• [Work order]: Below is a listing to write out in full, exactly as given, without its pictures.

• [Dataset extract]:
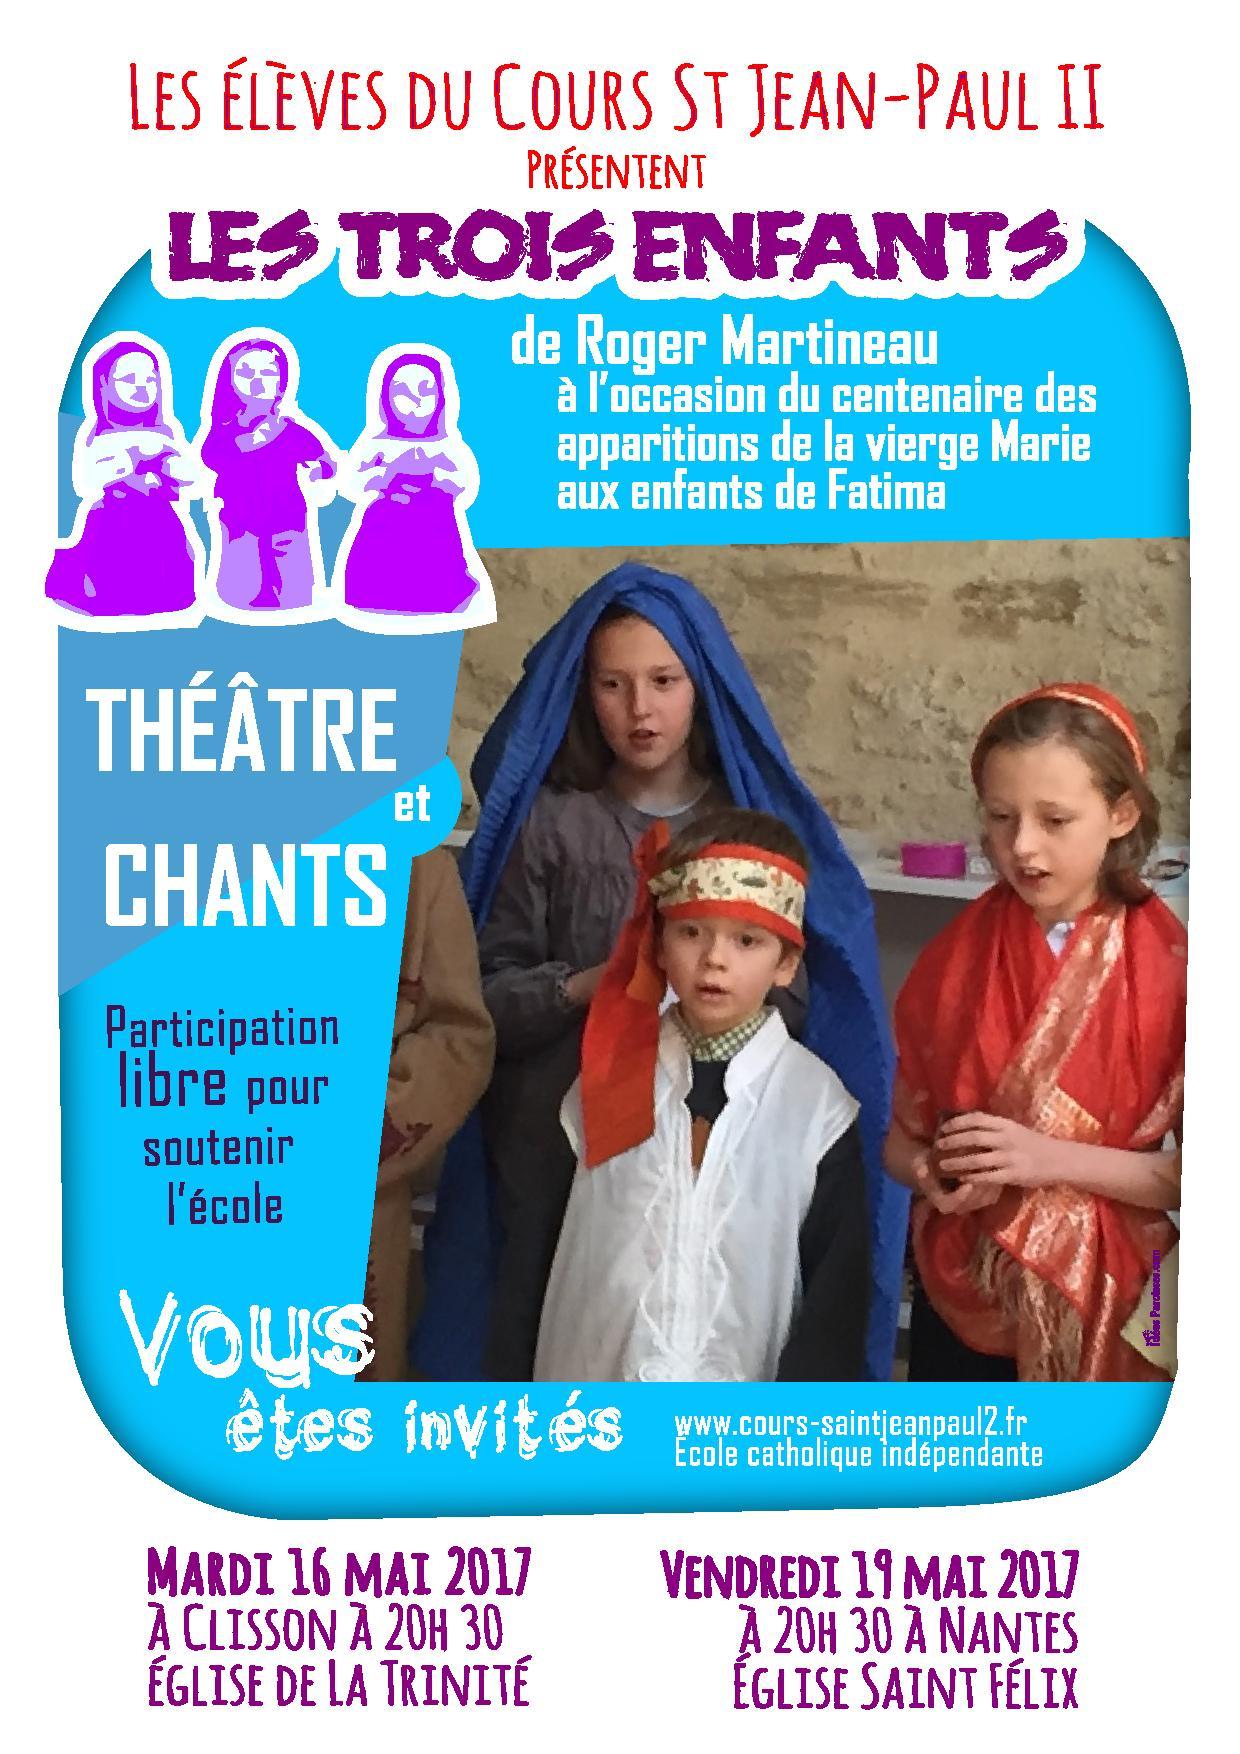 A Nantes, les élèves du cours St Jean-Paul II présentent ...
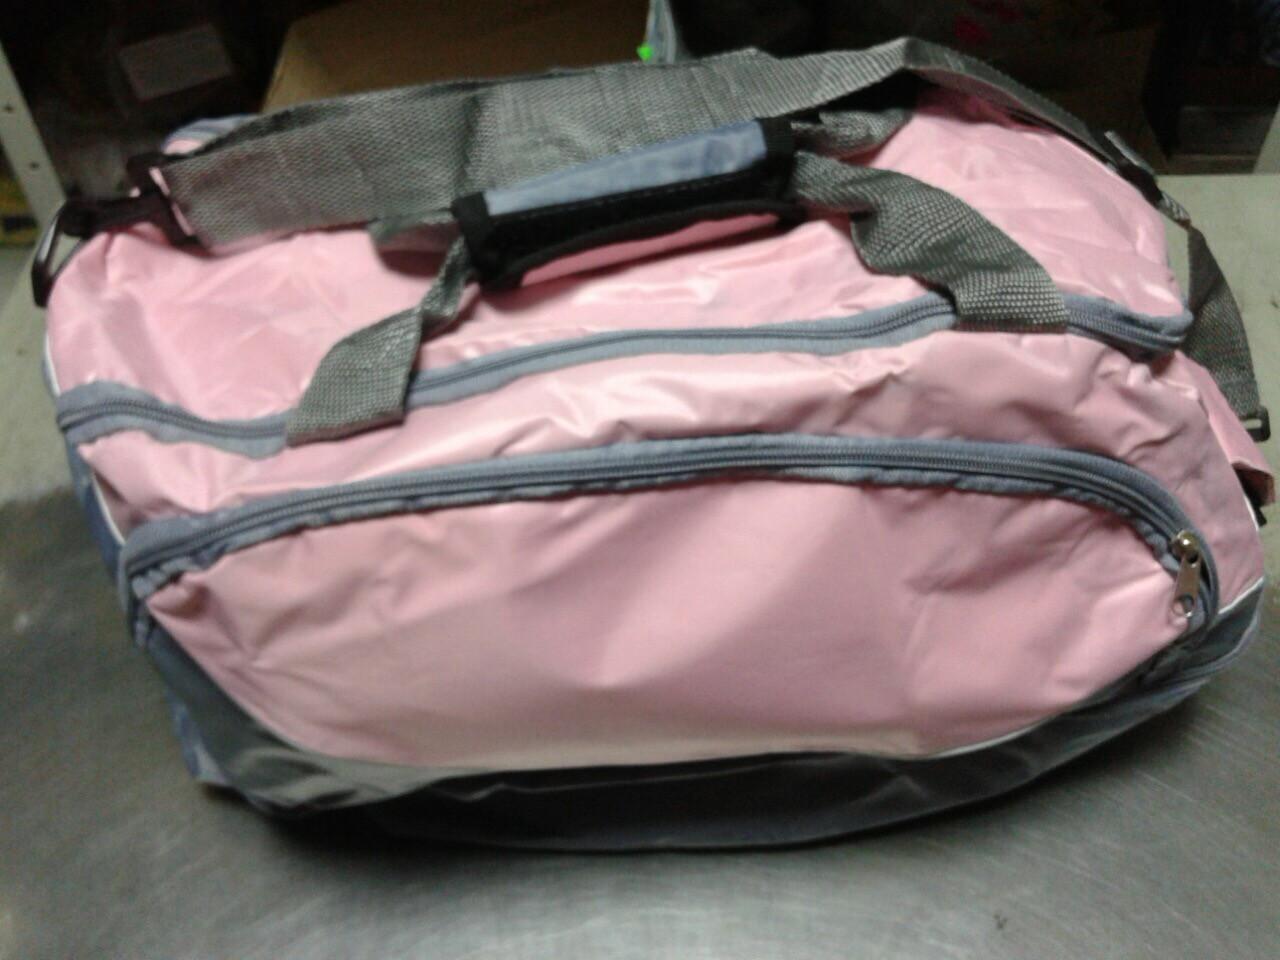 Спец предложение на спорт сумку!Большая,вместительная спорт сумка для девушек всего 249р!!!Экспресс!5
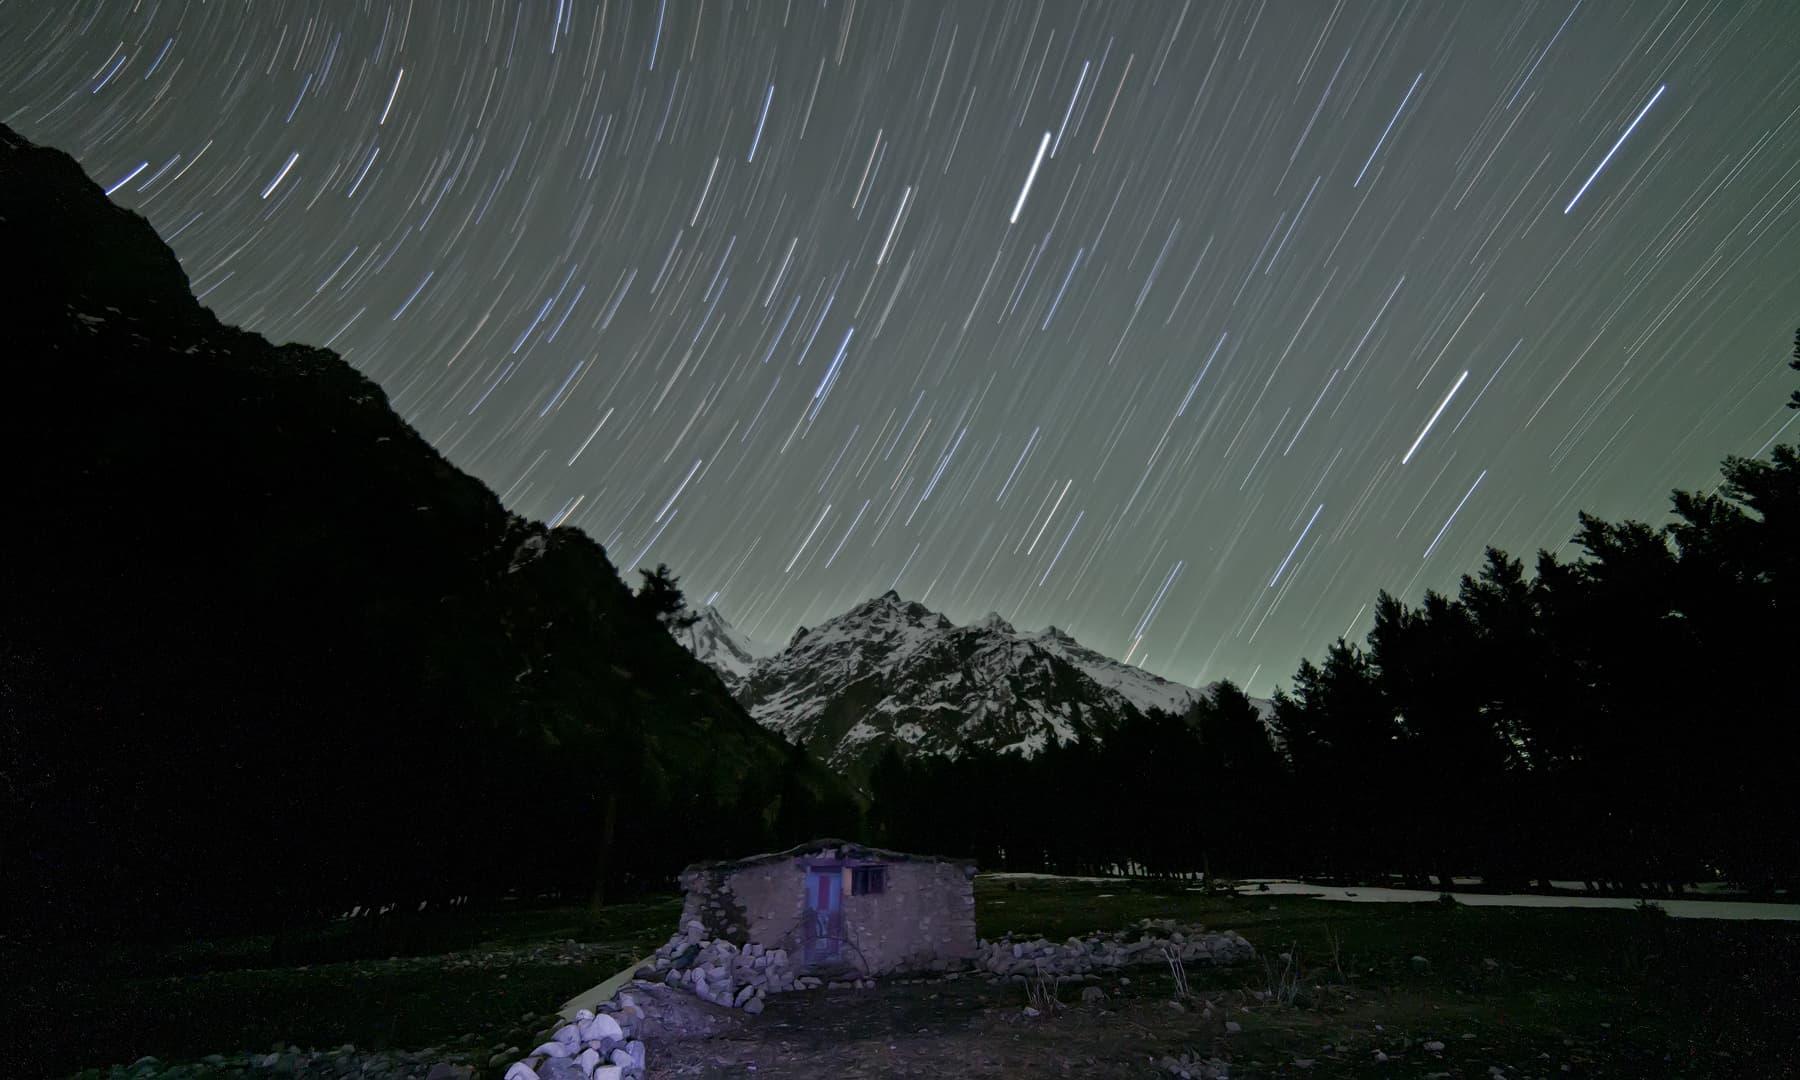 نلتر کی ایک رات — فوٹو سید مہدی بخاری
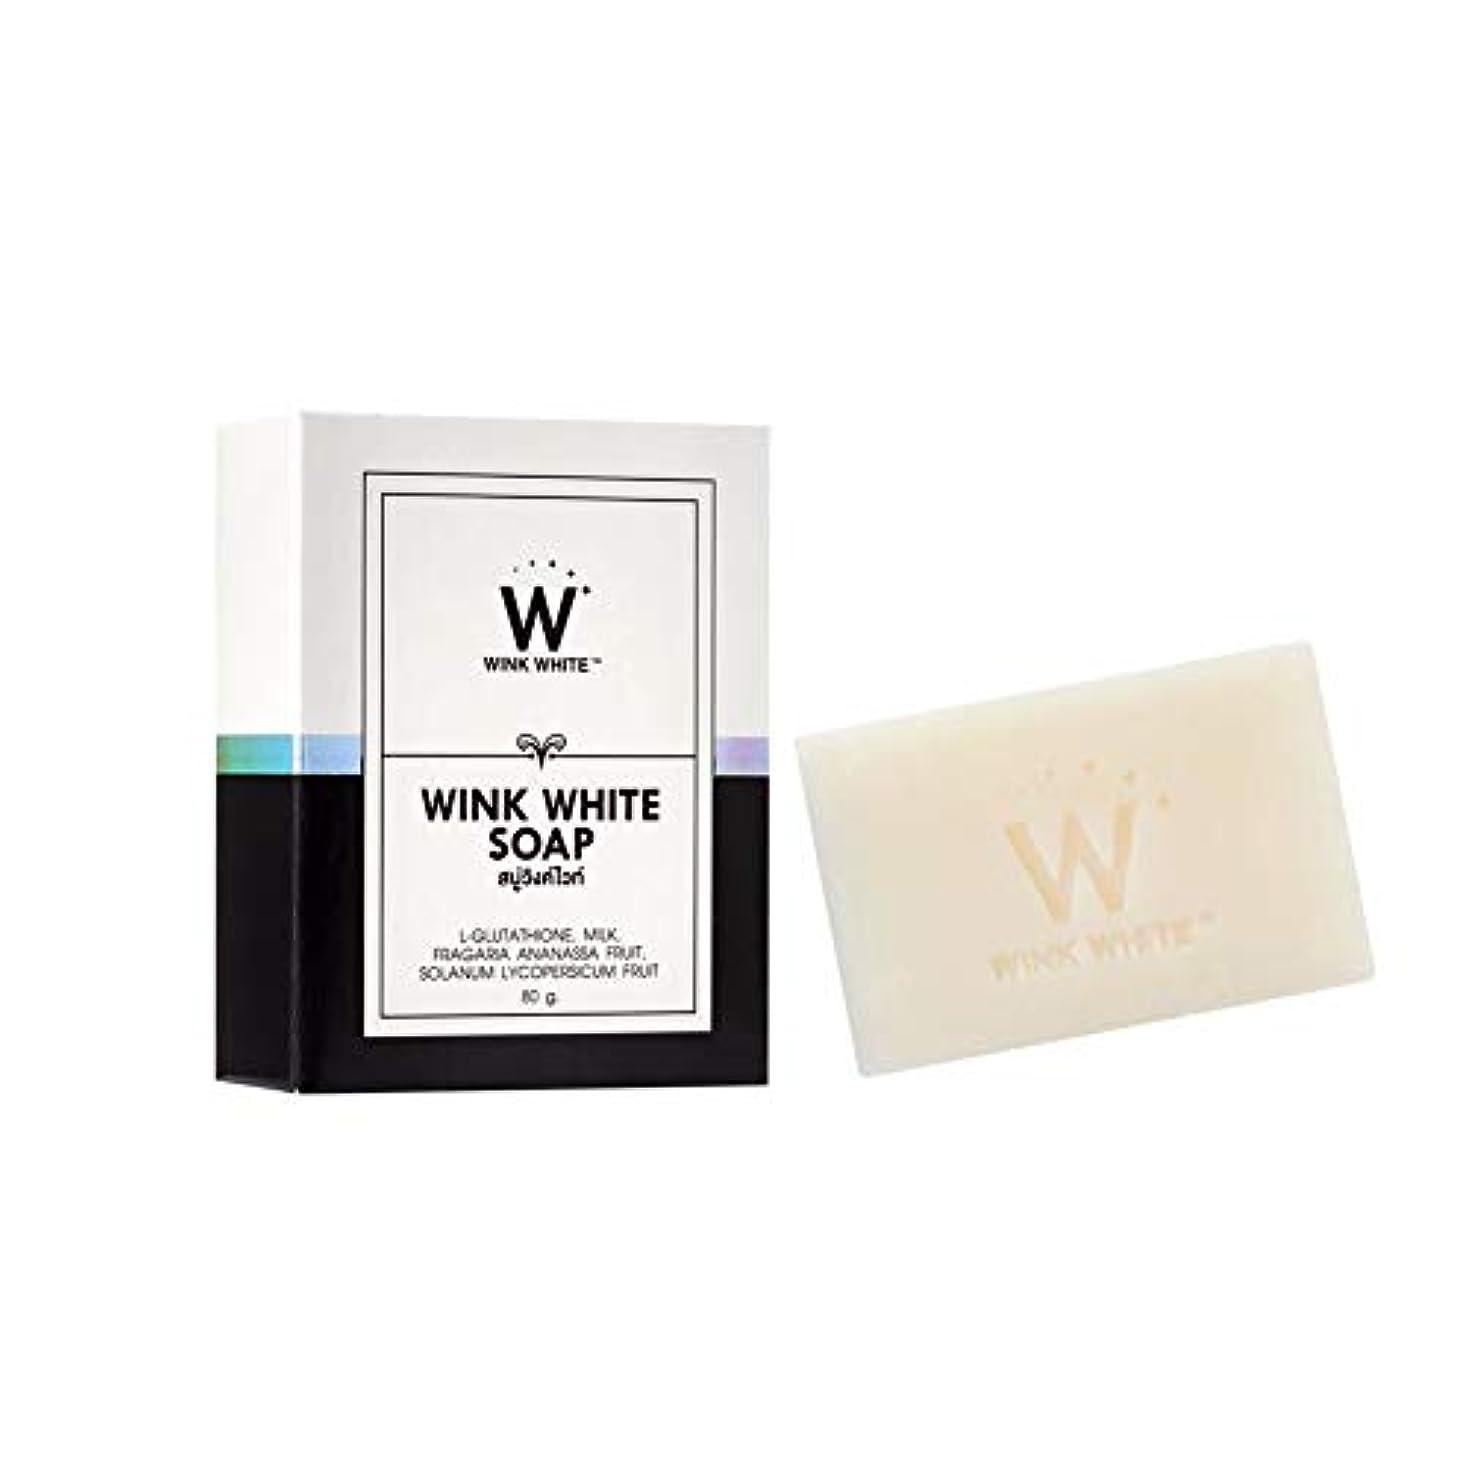 ミット余計なロンドンSoap Net Nature White Soap Base Wink White Soap Gluta Pure Skin Body Whitening Strawberry for Whitening Skin All...

• [Reply]:
 A Nantes, les élèves du cours St Jean-Paul II présentent ...
 Спец предложение на спорт сумку!Большая,вместительная спорт сумка для девушек всего 249р!!!Экспресс!5
 نلتر کی ایک رات — فوٹو سید مہدی بخاری
 ミット余計なロンドンSoap Net Nature White Soap Base Wink White Soap Gluta Pure Skin Body Whitening Strawberry for Whitening Skin All...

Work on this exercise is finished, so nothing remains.